Il paraît qu’Emmanuel Macron a chialé devant ce film – ce président a surtout un service de com’ chargé de donner de lui l’image d’un homme empathique qui se voudrait plus proche, pour mieux les comprendre et les aider, des moins bien lotis qui pâtissent d’une accumulation de handicaps (chômage de masse, promiscuité, environnement terne, équipements sociaux dégradés, avenirs d’emblée compromis par le simple lieu de naissance, préjugés négatifs persistants à leur encontre, racisme, lois sécuritaires et hommes politiques qui les désignent comme étant de la racaille bonne à pas grand-chose si ce n’est dealer ou brûler des MJC…). N’étant pas dupe de la démagogie présidentielle, nous regretterons surtout que Les misérables n’ait pas pu servir lors du procès, tenu à huis-clos, de ces jeunes de Bobigny accusés d’avoir en octobre 2016 incendié un véhicule de police – avec des policiers dedans certes, mais ceux-ci ont réussi à s’en dégager avec plus de peur que de mal – et qui encourent des peines, pour 8 d’entre eux, allant jusqu’à vingt ans de prison.

Pourquoi en effet sont-ce toujours les mêmes qui sont châtiés par la justice connue pour ne pas faire dans le sentiment ni la dentelle ? Les misérables, qui s’arrête juste avant que la justice justement ne fasse son ouvrage, montre que les faits, graves, qui conduisent les jeunes des cités vers la case « incivilité carabinée » puis vers la case prison, sont souvent le fruit de mœurs et de pratiques, notamment policières, qui ont une part prépondérante dans la dégradation du climat social.

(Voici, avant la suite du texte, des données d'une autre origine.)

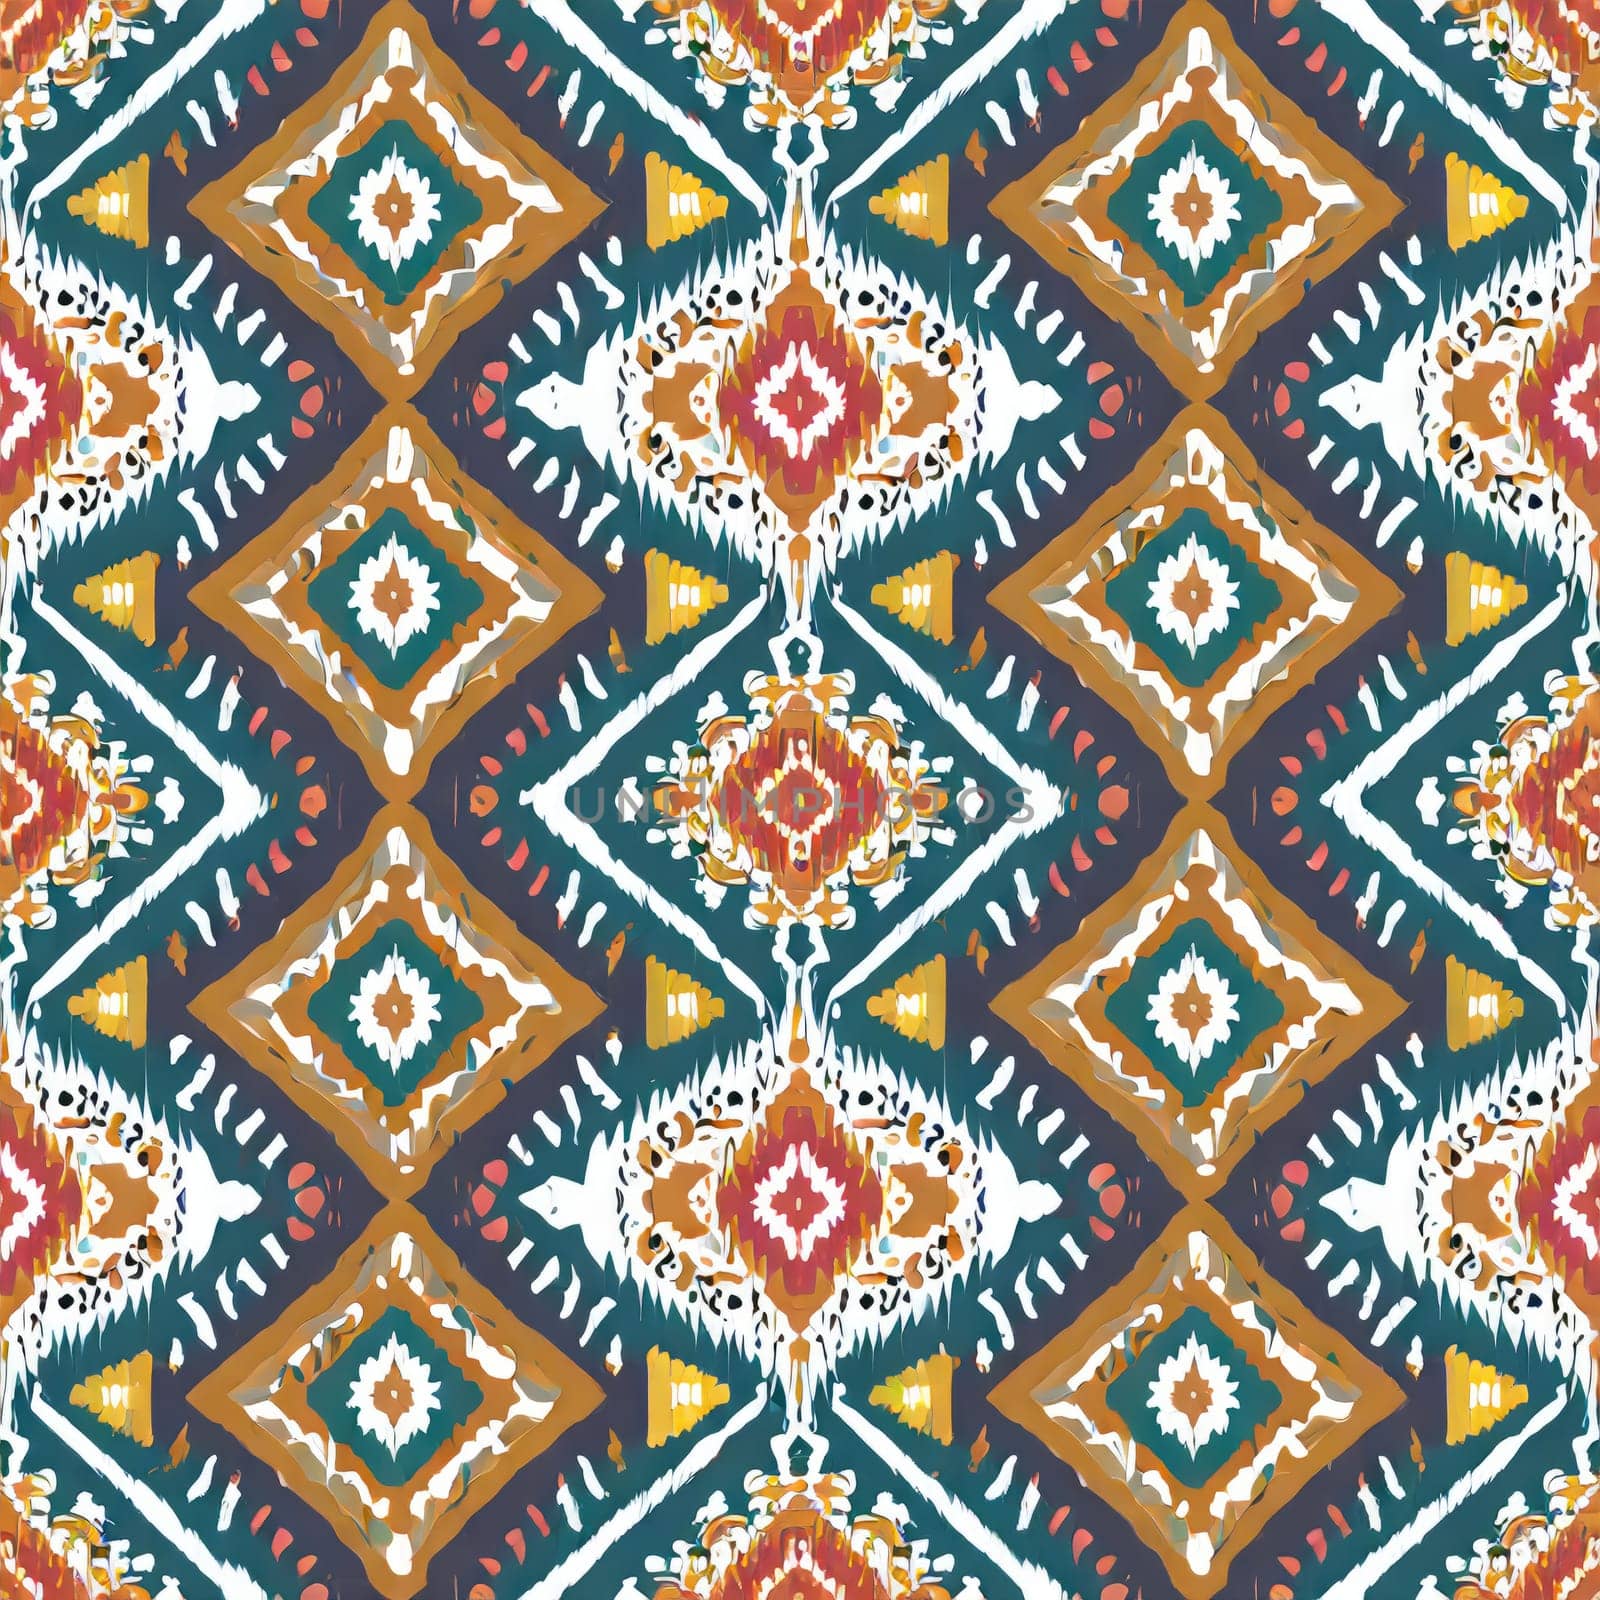 Seamless ikat pattern background elements. Grunge textured textile print and wallpaper, ethnic design for cards

C’est important, la compréhension du phénomène, si on veut un tant soit peu régler le problème. Ladj Ly pose donc là un acte militant en mettant à nu le processus d’humiliations récurrentes qui s’accumulent, conduisant, comme nous l’avions vu avec Parasite de Boong Joon-ho, à la déflagration finale.

* C’est le surnom, à cause des pommades capillaires Pento®, que lui ont donné ses camarades de jeu bacqueux, Chris (Alexis Manenti) et Gwada (Djebril Didier Zonga).

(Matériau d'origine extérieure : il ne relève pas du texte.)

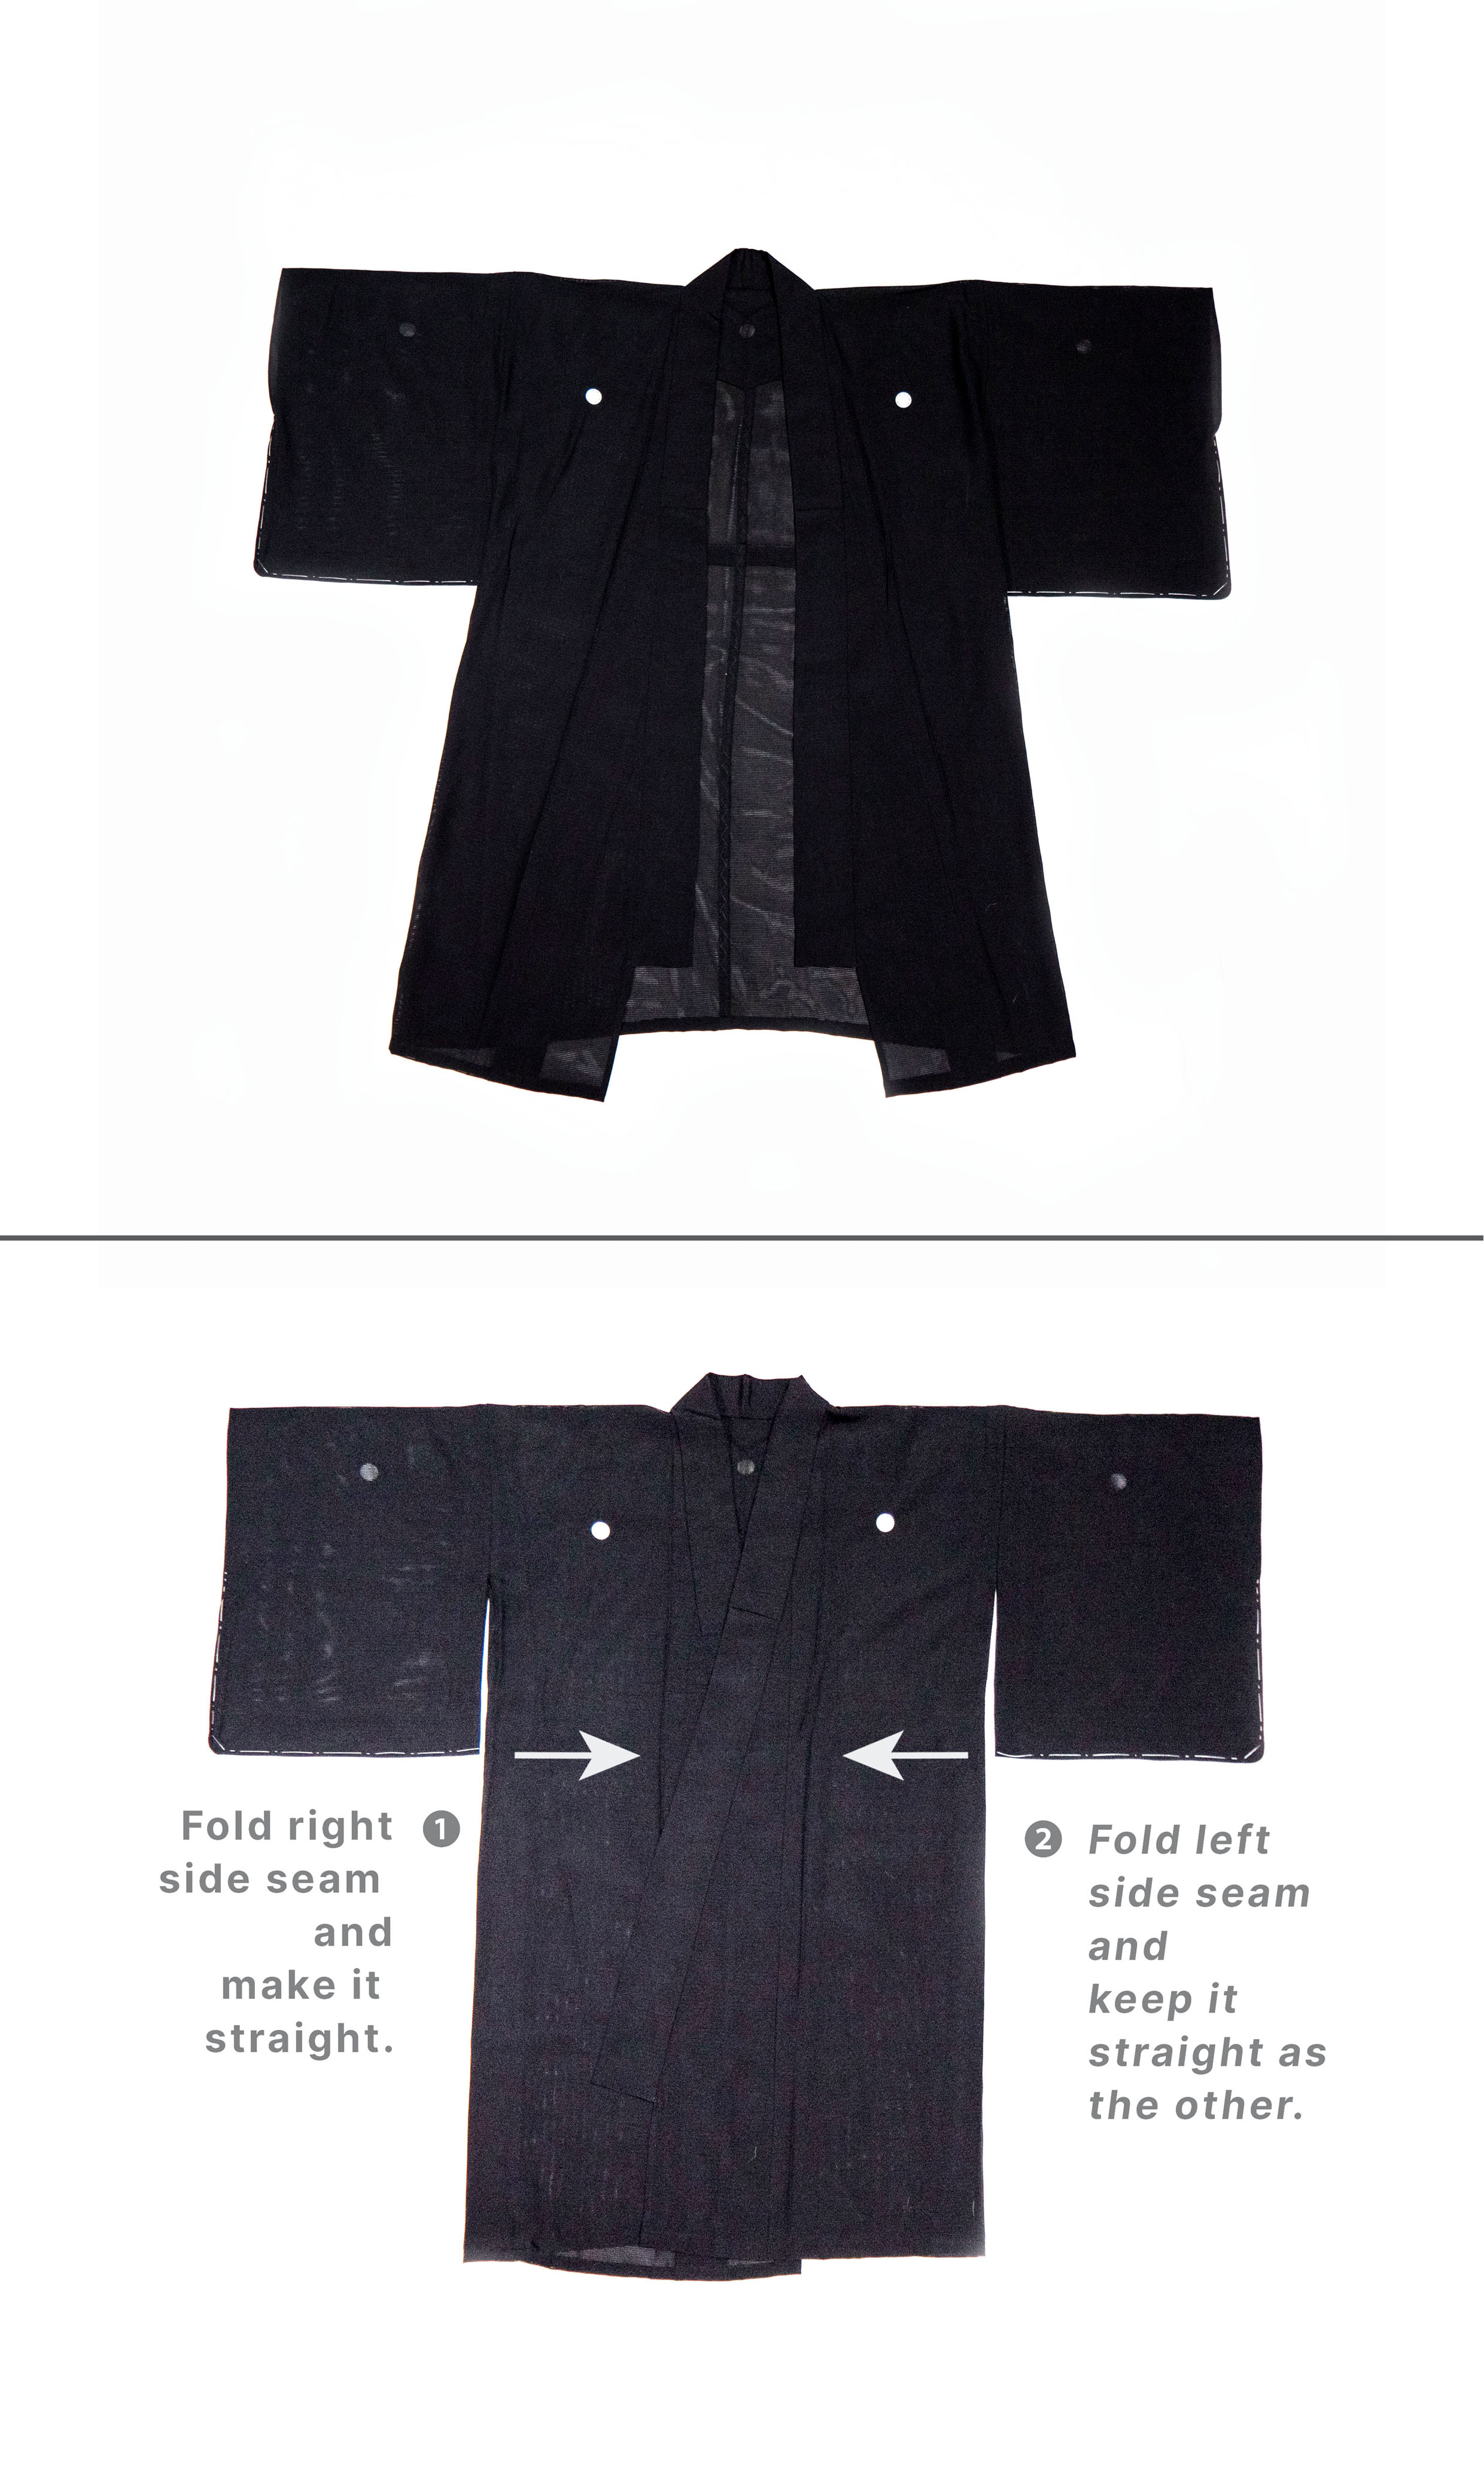 How to fold the kimono in traditional way.

** Brigade anti-criminalité.

*** Montfermeil atteint en 2016 un taux de pauvreté de 25 % (Sources : Insee-DGFiP-Cnaf-Cnav-Ccmsa).

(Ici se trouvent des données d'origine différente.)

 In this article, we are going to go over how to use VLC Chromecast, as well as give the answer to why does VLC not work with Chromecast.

**** De l’ancien français muete (« groupe de chiens courants dressés pour la chasse »). Du XIIᵉ au XVIᵉ siècles, meute a aussi signifié « soulèvement, émeute, expédition ».

***** « Qui appartient depuis longtemps à une région déterminée » pour reprendre l’étymologie rabelaisienne du XVIᵉ siècle.

Post-scriptum : On regrettera juste que, dans ce film de Ladj Ly, les effets du LBD-40 qu’utilisent à mauvais escient les bacqueux soient si mal rendus et tant atténués. À bout portant, les projectiles que ces engins expédient à plus de 300 km/h font plus de dégât qu’un simple KO et qu’un gros cocard comme en témoignent les nombreux cas de manifestant·e·s défiguré·e·s par ces armes de la police depuis un an.

Les misérables – Drame français de Ladj Ly – Avec Damien Bonnard, Alexis Manenti, Issa Perica, Jeanne Balibar… – Durée : 1h42 – Sortie le 20 novembre 2019.